CASE STUDY

Treatment of RVO With Intravitreal Macugen

JOHN A. WELLS, III, MD

Retinal vein occlusions (RVOs) are the most common retinal vascular disease encountered in daily clinical practice except for diabetic retinopathy.¹ Branch retinal vein occlusions (BRVOs) and central retinal vein occlusions (CRVOs) share common risk factors but are believed to have slightly different pathogenetic mechanisms leading to venous obstruction. Both conditions are more common in patients over 50 and are associated with systemic vascular diseases, such as diabetes mellitus, hypertension, and cardiovascular disease in 50% to 70% of cases.^1,2

In BRVO, the venous thrombosis occurs at the point of arteriovenous crossing and is believed to be due to mechanical constriction of the vein by arteriosclerosis within a confined space, the common adventitial sheath.² In CRVO, the venous thrombosis occurs within the central retinal vein at the lamina cribrosa of the optic nerve head.³ Despite these different mechanisms, both BRVO and CRVO cause visual loss primarily because of associated cystoid macular edema (CME). Other causes of visual loss, such as vitreous hemorrhage, neovascular glaucoma, retinal detachment, and optic atrophy, are less common and are generally associated with more severe obstruction and retinal ischemia.

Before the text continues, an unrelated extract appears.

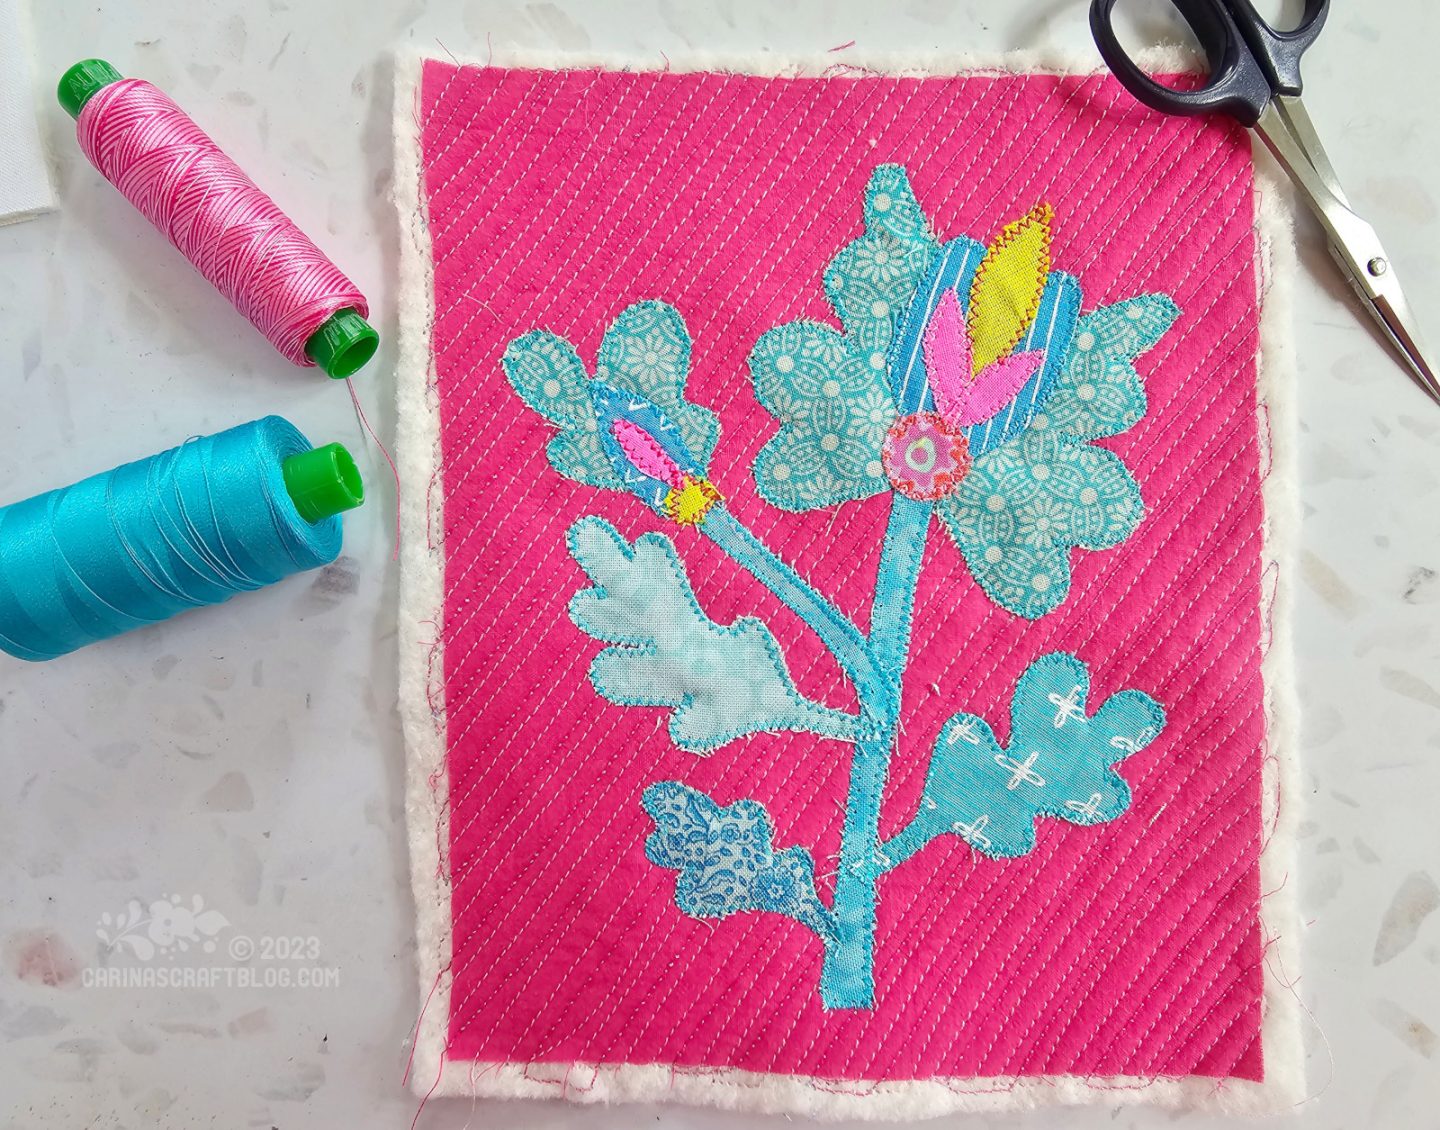 Overhead view of a quilted piece of hot pink fabric with a blue flower appliquéd on top.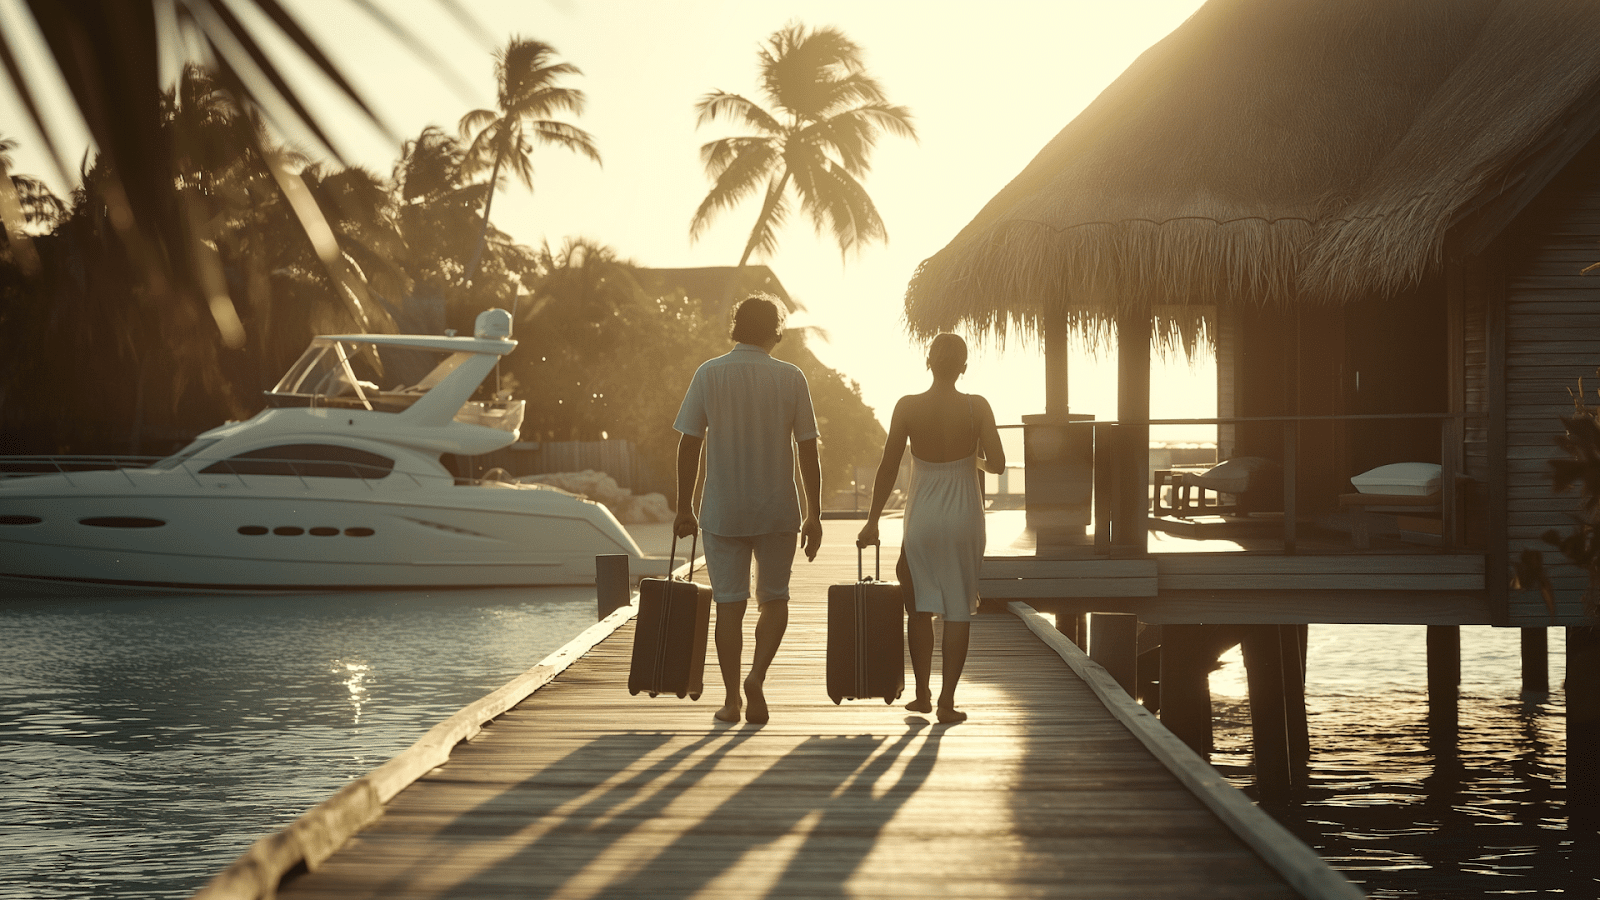 A couple walking to their private overwater bungalow at sunset in the Maldives.

Macular grid laser treatment has been the mainstay of treatment of CME due to BRVO since the publication of the Branch Vein Occlusion Study (BVOS) in 1984. The BVOS demonstrated a clear benefit of grid laser treatment for eyes with vision of 20/40 or less secondary to macular edema from perfused BRVO.⁴ Unfortunately, the Central Vein Occlusion Study (CVOS) showed no benefit of macular grid laser treatment on CME due to CRVO.⁵ Additionally, not all BRVO eyes are good candidates for laser because it cannot be applied in eyes with dense intraretinal hemorrhage, and eyes with severe macular ischemia may actually do better without treatment. Accordingly, investigators have looked at other approaches to treat CME due to BRVO and CRVO, including laser-induced chorioretinal anastamosis, radial optic neurotomy, arteriovenous sheathotomy, and therapy with intravitreal steroids or anti-vascular endothelial growth factor (VEGF) agents such as pegaptanib sodium (Macugen, Eyetech/Pfizer), ranibizumab (Lucentis, Genentech), or bevacizumab (Avastin, Genentech).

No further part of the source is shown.